Betriebsprüfungen, die in einem "freundlichen" oder "sachlich/neutralen" Klima ablaufen, führen im Durchschnitt zu deutlich geringeren Steuernachforderungen als solche, bei denen ein "angespanntes" oder gar "feindliches" Klima herrscht. Das ist das Ergebnis einer Umfrage, die die Wirtschaftsprüfungsgesellschaft Deloitte unter 733 großen Unternehmen durchgeführt hat.


Für kleine Selbstständige sind "steuerliche Außenprüfungen", wie die Betriebsprüfungen des Finanzamtes offiziell heißen, eher eine Seltenheit: Bei den "Kleinstbetrieben" mit 34.000 oder weniger Euro Jahresumsatz fand im Jahre 2009 lediglich in einem von 92 Unternehmen eine Betriebsprüfung statt. Was bedeutet, dass die meisten in ihrem gesamten Berufsleben ohne jede Betriebsprüfung auskommen.

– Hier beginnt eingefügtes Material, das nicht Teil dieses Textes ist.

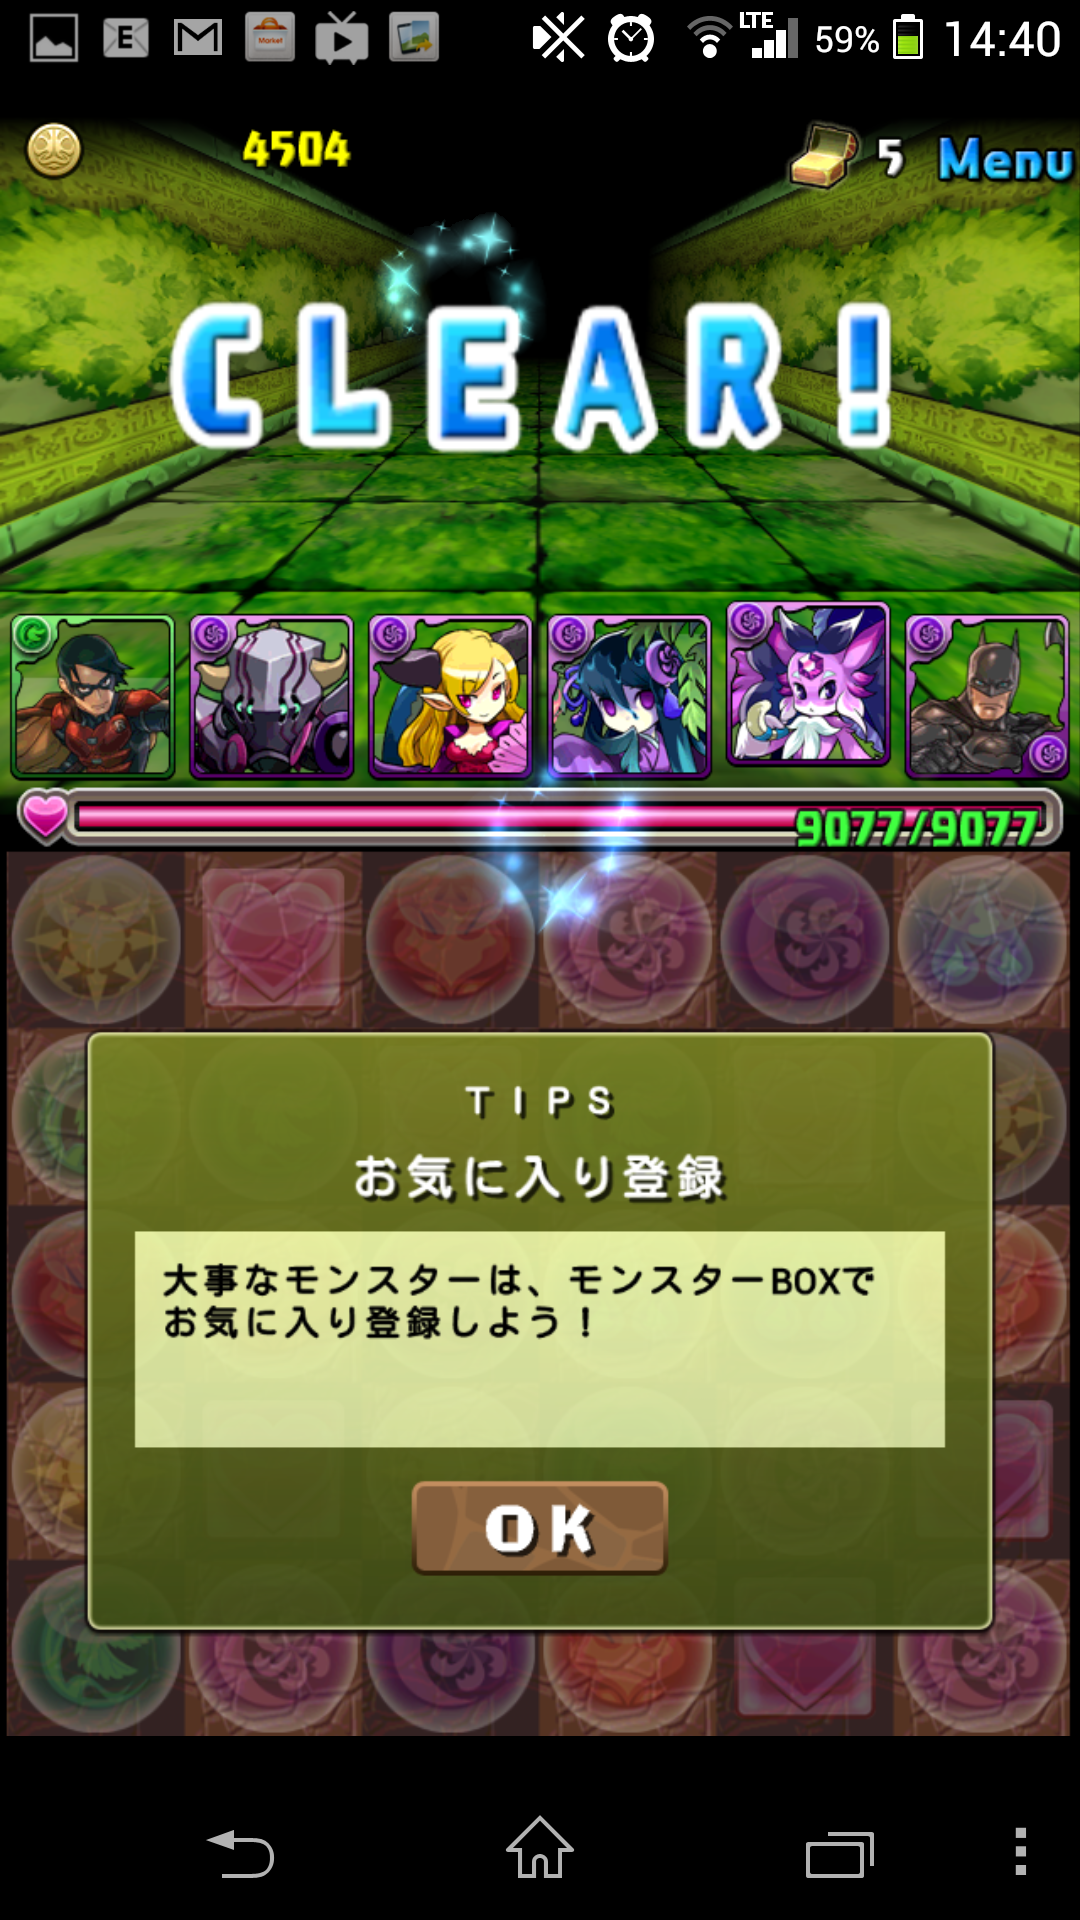 Screenshot_2014-04-01-14-40-27.png

Verständlich also, dass die Wirtschaftsprüfungsgesellschaft Deloitte & Touche GmbH in ihrer Umfrage fast nur Betriebe mit mehr als 10 Millionen Euro Umsatz befragt hat. Die Ergebnisse zeigen aber eine Systematik, die sich durchaus auf kleinere Unternehmen übertragen lässt.

Erstes interessantes Ergebnis: Dort, wo die Betriebsprüfung in einem angespannten oder feindlichen Klima ablief, kam es wesentlich häufiger zu "relevanten" oder "sehr starken" Mehrbelastungen in Form von Steuernachforderungen. Solche Erlebnisse sind jedoch die Ausnahme: Die Mehrzahl der Prüfungen lief in einem "freundlichen" (45%) oder "sachlich/neutralen" (43%) Klima ab.

Auch der personelle Aufwand, den ein Unternehmen bei der Steuer betreibt, wirkt sich auf das Ergebnis der Betriebsprüfung aus: Für Unternehmen, die eine Steuerabteilung mit mehr als zehn Leuten hatten, führten die Betriebsprüfungen in 62% der Fälle zu einer "relevanten" Mehrbelastung, d.h. zu einer Nachforderungen von 20 – 50%. Waren in der Steuerabteilung dagegen nur bis zu drei Leute beschäftigt, gab es so hohe Nachforderungen nur in 20% der Fälle – bei 47% gab es nicht mal eine "wesentliche Mehrbelastung", d.h. die Nachforderung lag unter fünf Prozent.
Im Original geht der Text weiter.